A word-for-word transcript of the closing lines is required: from the one with "Blue Ocean Waves HD Wallpapers" through the final line of the data.

Data items
BEGIN

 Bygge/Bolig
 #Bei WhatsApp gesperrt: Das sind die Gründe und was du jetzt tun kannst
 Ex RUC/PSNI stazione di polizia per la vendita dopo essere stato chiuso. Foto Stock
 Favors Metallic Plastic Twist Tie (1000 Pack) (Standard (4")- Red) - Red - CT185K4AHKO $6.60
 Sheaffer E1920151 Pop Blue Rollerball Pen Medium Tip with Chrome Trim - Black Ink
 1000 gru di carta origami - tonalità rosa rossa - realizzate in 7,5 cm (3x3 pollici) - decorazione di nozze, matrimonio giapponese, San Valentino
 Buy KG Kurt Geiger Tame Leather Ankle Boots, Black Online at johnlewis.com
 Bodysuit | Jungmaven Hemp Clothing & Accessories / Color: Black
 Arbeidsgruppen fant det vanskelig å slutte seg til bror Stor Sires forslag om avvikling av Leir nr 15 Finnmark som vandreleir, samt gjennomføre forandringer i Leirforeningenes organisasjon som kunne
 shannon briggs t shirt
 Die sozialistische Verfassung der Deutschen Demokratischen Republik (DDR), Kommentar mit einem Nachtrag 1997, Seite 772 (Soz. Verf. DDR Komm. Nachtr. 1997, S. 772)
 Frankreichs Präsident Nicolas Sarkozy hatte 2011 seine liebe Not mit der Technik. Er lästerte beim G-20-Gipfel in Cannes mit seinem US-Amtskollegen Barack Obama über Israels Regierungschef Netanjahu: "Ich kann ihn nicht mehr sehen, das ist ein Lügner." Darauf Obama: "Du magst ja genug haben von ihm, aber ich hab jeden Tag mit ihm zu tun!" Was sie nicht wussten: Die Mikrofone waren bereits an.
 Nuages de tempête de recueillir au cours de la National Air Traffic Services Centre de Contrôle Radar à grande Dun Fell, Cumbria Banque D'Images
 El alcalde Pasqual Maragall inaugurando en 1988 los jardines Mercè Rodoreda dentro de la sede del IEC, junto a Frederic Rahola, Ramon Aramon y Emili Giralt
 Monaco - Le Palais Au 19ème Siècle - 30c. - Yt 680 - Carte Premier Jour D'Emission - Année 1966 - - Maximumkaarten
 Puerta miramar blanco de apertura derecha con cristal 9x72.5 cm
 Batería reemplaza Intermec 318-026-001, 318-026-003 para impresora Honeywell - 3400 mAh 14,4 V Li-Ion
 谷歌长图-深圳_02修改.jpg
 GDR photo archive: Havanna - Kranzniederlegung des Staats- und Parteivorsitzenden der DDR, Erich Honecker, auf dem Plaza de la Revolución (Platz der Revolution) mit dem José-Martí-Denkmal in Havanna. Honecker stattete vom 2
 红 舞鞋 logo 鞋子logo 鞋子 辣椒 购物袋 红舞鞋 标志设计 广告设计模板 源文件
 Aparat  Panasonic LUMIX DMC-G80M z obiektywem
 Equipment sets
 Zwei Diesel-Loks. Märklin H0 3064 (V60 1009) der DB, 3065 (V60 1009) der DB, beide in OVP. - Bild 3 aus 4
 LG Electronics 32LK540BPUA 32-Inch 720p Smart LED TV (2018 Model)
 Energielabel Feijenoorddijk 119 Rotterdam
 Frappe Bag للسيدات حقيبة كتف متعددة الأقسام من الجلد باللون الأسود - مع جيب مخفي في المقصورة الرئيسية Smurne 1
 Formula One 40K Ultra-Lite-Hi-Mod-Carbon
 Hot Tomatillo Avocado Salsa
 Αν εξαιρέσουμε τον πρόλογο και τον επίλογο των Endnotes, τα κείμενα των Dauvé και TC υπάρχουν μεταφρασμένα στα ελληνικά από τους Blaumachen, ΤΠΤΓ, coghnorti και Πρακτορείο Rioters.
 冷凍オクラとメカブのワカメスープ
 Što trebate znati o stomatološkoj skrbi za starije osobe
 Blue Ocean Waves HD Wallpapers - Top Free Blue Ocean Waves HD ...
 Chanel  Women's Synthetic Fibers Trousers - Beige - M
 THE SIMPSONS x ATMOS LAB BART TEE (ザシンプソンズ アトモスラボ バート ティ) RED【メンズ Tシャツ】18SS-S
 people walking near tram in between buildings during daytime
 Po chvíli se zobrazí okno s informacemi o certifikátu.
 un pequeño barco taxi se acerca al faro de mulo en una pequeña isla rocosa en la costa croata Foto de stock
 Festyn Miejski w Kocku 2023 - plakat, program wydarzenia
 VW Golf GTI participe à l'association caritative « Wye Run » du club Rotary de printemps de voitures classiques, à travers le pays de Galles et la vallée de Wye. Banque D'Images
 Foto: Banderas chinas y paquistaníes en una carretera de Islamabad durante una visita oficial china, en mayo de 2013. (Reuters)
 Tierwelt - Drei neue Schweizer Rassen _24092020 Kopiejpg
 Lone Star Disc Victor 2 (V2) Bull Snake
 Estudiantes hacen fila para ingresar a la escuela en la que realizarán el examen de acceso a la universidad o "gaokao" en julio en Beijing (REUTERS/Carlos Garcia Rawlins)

END

> [SOLUTION BELOW]
 Blue Ocean Waves HD Wallpapers - Top Free Blue Ocean Waves HD ...
 Chanel  Women's Synthetic Fibers Trousers - Beige - M
 THE SIMPSONS x ATMOS LAB BART TEE (ザシンプソンズ アトモスラボ バート ティ) RED【メンズ Tシャツ】18SS-S
 people walking near tram in between buildings during daytime
 Po chvíli se zobrazí okno s informacemi o certifikátu.
 un pequeño barco taxi se acerca al faro de mulo en una pequeña isla rocosa en la costa croata Foto de stock
 Festyn Miejski w Kocku 2023 - plakat, program wydarzenia
 VW Golf GTI participe à l'association caritative « Wye Run » du club Rotary de printemps de voitures classiques, à travers le pays de Galles et la vallée de Wye. Banque D'Images
 Foto: Banderas chinas y paquistaníes en una carretera de Islamabad durante una visita oficial china, en mayo de 2013. (Reuters)
 Tierwelt - Drei neue Schweizer Rassen _24092020 Kopiejpg
 Lone Star Disc Victor 2 (V2) Bull Snake
 Estudiantes hacen fila para ingresar a la escuela en la que realizarán el examen de acceso a la universidad o "gaokao" en julio en Beijing (REUTERS/Carlos Garcia Rawlins)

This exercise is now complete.